Hello again! In 2026, the “PF/ESI Split” remains one of the most debated boardroom topics. Employers are recalculating contribution costs, while employees are noticing subtle shifts in take-home pay.
If you’re wondering whether you can still “split” a salary to lower your statutory burden, you’re essentially asking:
Can I still use the old playbook in a new game?
Let’s unpack the legal reality of salary structuring under India’s New Labour Codes.
1. The End of the Allowance-Heavy Structure
Under the Code on Wages, 2019 and the Social Security Code, 2020, the definition of “wages” has been unified and capped to prevent excessive exclusions.
- The 50% Rule: If the sum of excluded components (HRA, travel, commission, etc.) exceeds 50% of total remuneration, the excess is added back to the wage base.
[Code on Wages, Sec. 2(y) proviso] - The Add-Back Mechanism: This ensures that at least half of the CTC is treated as “wages” for PF, ESI, and gratuity calculations.
[Social Security Code, Sec. 2(78)]
You can still label allowances for internal tracking, but for statutory purposes, the government recalculates your wage base if exclusions breach the 50% threshold.
2. The Supreme Court’s Universality Test
Even before the Codes were fully notified, the Supreme Court clarified wage treatment in the landmark Vivekananda Vidyamandir case (2019).
- Universality Principle: If an allowance is paid ordinarily, universally, and necessarily to all employees in a category, it qualifies as “basic wages” for PF.
[EPF Act, 1952 + SC Judgment: Vivekananda Vidyamandir] - 2026 Reality: If you split a ₹50,000 salary into ₹15,000 Basic and ₹35,000 “Management Allowance,” and that allowance is paid to all staff, EPFO will merge it and issue a notice for under-contribution.
3. The Dual Wage Problem
We’re in a transition phase:
- Gratuity & ESI: Governed by the new Codes and the 50% wage rule.
- PF: Still governed by the EPF Act and Supreme Court jurisprudence — until fully subsumed by the Social Security Code.
This creates a compliance challenge: different wage bases for different benefits.

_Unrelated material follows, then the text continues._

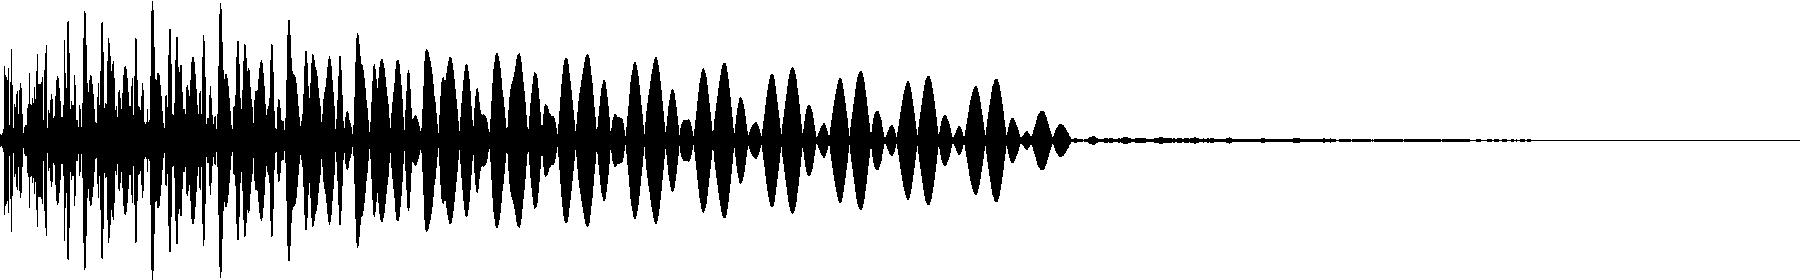 vedh bass cut 085 c

Attempting to “split” salary now often leads to administrative complexity and audit risk.
4. The Safer Path: Unified Compliance Structure
Most consultants now recommend:
- Avoiding allowance-heavy splits
- Aligning PF, ESI, and gratuity on a common wage base
- Using transparent salary slips with statutory references
This reduces litigation risk and simplifies audits under the New Labour Codes.
Conclusion: The old salary playbook is no longer legally safe. The New Labour Codes and Supreme Court rulings have closed the loopholes. A unified, transparent wage structure is now the gold standard for compliance.
Disclaimer: This content is provided for educational and informational purposes only and does not constitute legal advice. While we aim for 100% legal integrity, labour laws in India are subject to state-specific notifications and judicial review. Please consult with a legal professional before implementing major payroll changes.